Namdeb Holdings, a 50/50 joint venture between the Namibian government and Anglo American’s diamond unit De Beers, said on Wednesday that it will close Elizabeth Bay Mine if it does not find buyers for the mine which was put up for sale in early February.

“In the event that there are no takers of Elizabeth Bay Mine, we will go ahead and close the mine. We have other mines that we are focusing on and Elizabeth Bay Mine is not a priority at the moment for Namdeb from a cost perspective,” company spokeswoman, Pauline Thomas, told the Windhoek Observer.

Namdeb announced on 9 February that it was seeking a buyer for Elizabeth Bay Mine and associated mining licence areas.

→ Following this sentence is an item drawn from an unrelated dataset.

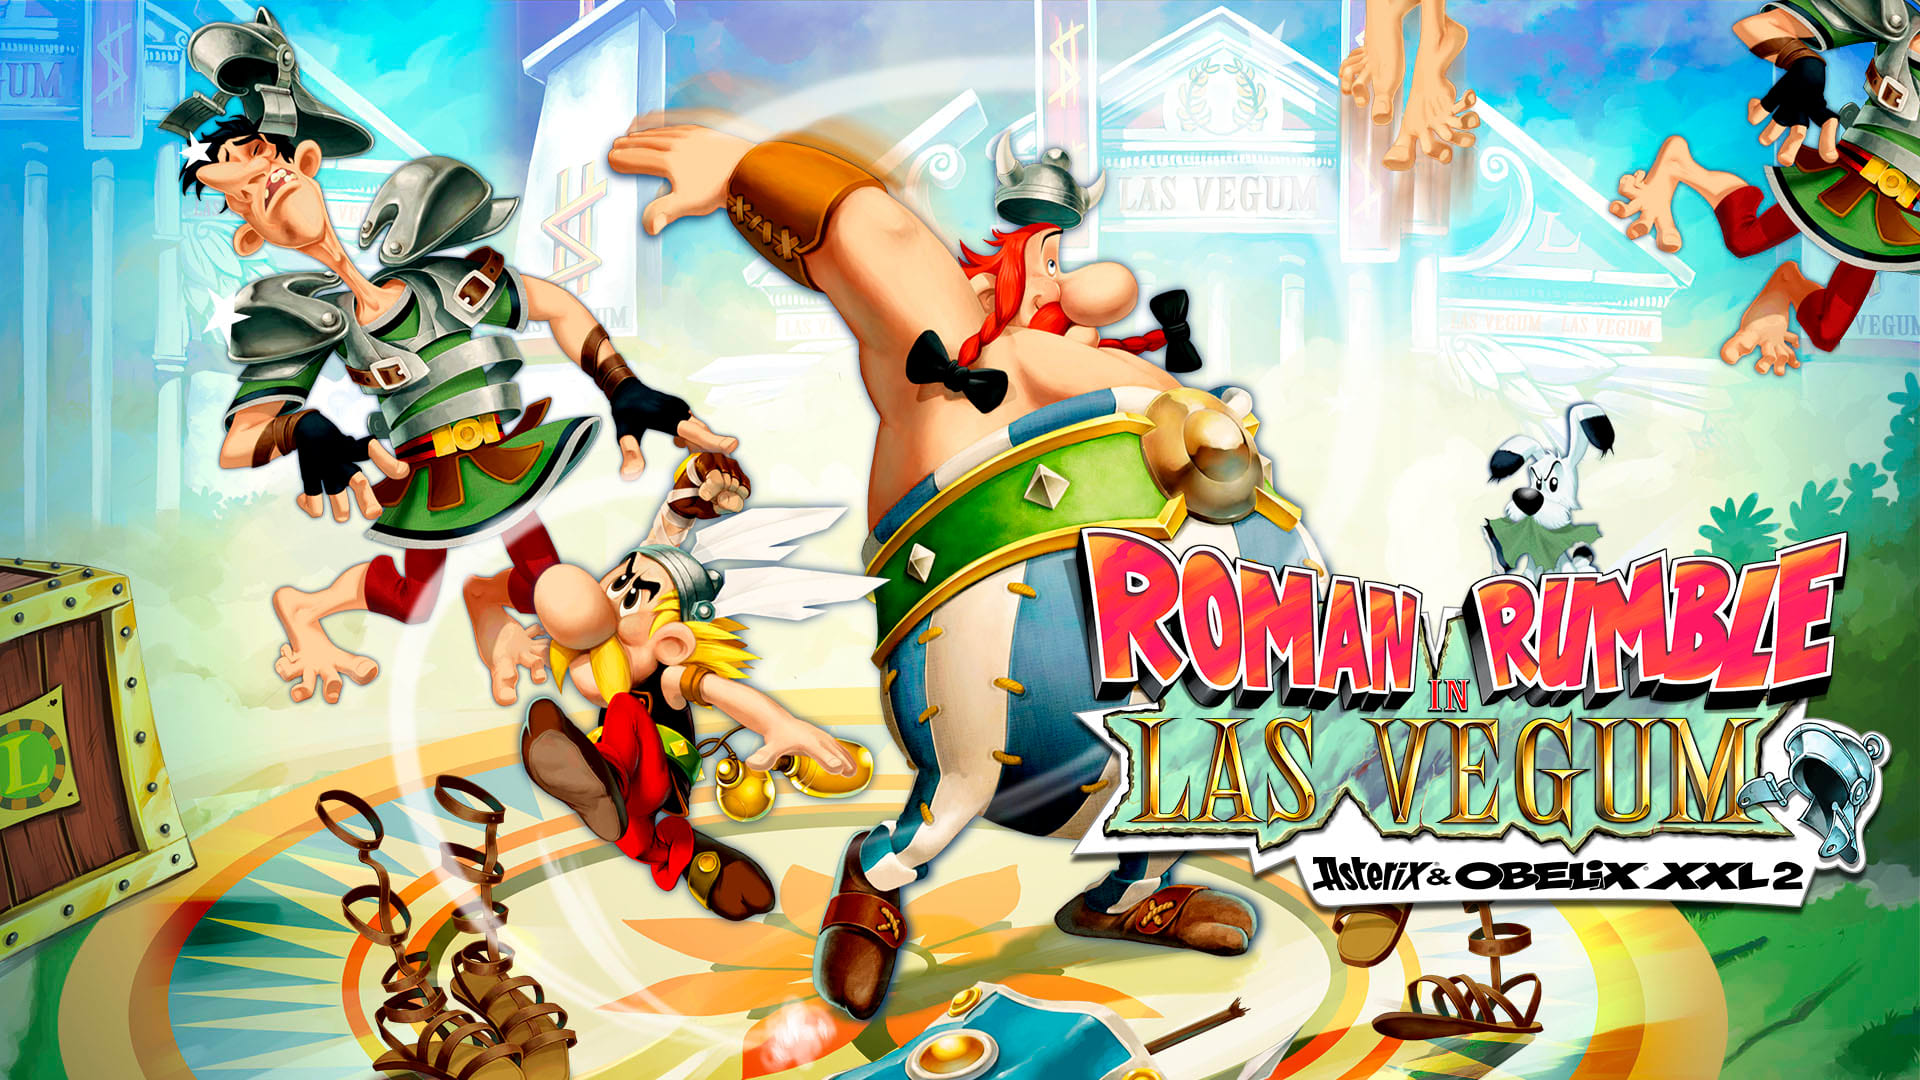 Roman Rumble in Las Vegum - Astérix & Obélix XXL 2 1

The mine, located along the southwestern coast of Namibia near the town of Luderitz, produced around 200,000 carats last year, about 11 percent of Namdeb Holdings’ total production of 1,8 million carats.

It employs approximately 160 people.

Namdeb also announced that it had appointed Standard Bank as its financial adviser on the proposed sale process of Elizabeth Bay Mine and associated mining licence areas.

The diamond miner believes the best way to secure a longer future for the mine, beyond the current projected 2019 life, is to find a more suitable operator with low operating costs.

“Elizabeth Bay mine, which was commissioned in 1991…has significant potential in the mining licence areas associated with the onshore and marine operations,” Thomas said.

The sale by Namdeb may pave the way for world diamond leader, the Russian mining company, Alrosa, to enter Namibia with its “sophisticated exploration technology.”

Last year, the world’s biggest diamond producer by volume indicated its interest to expand mining in Africa after 2021, as the cost of prospecting on the continent is nine times lower than in Russia.

The company’s current African operations are mainly in Angola, but it is also prospecting for diamonds in Botswana.

A union official said in October that Namdeb planned to close four mines by 2022 as the diamond producer looks for higher-value gemstones offshore now that many major onshore deposits have been depleted.

Elizabeth Bay Mine was one of the four mines mentioned by the union official. The others were Daberas, Sendelingsdrift and Southern Coastal.

Diamond mining generates 20 percent of Namibia’s export earnings.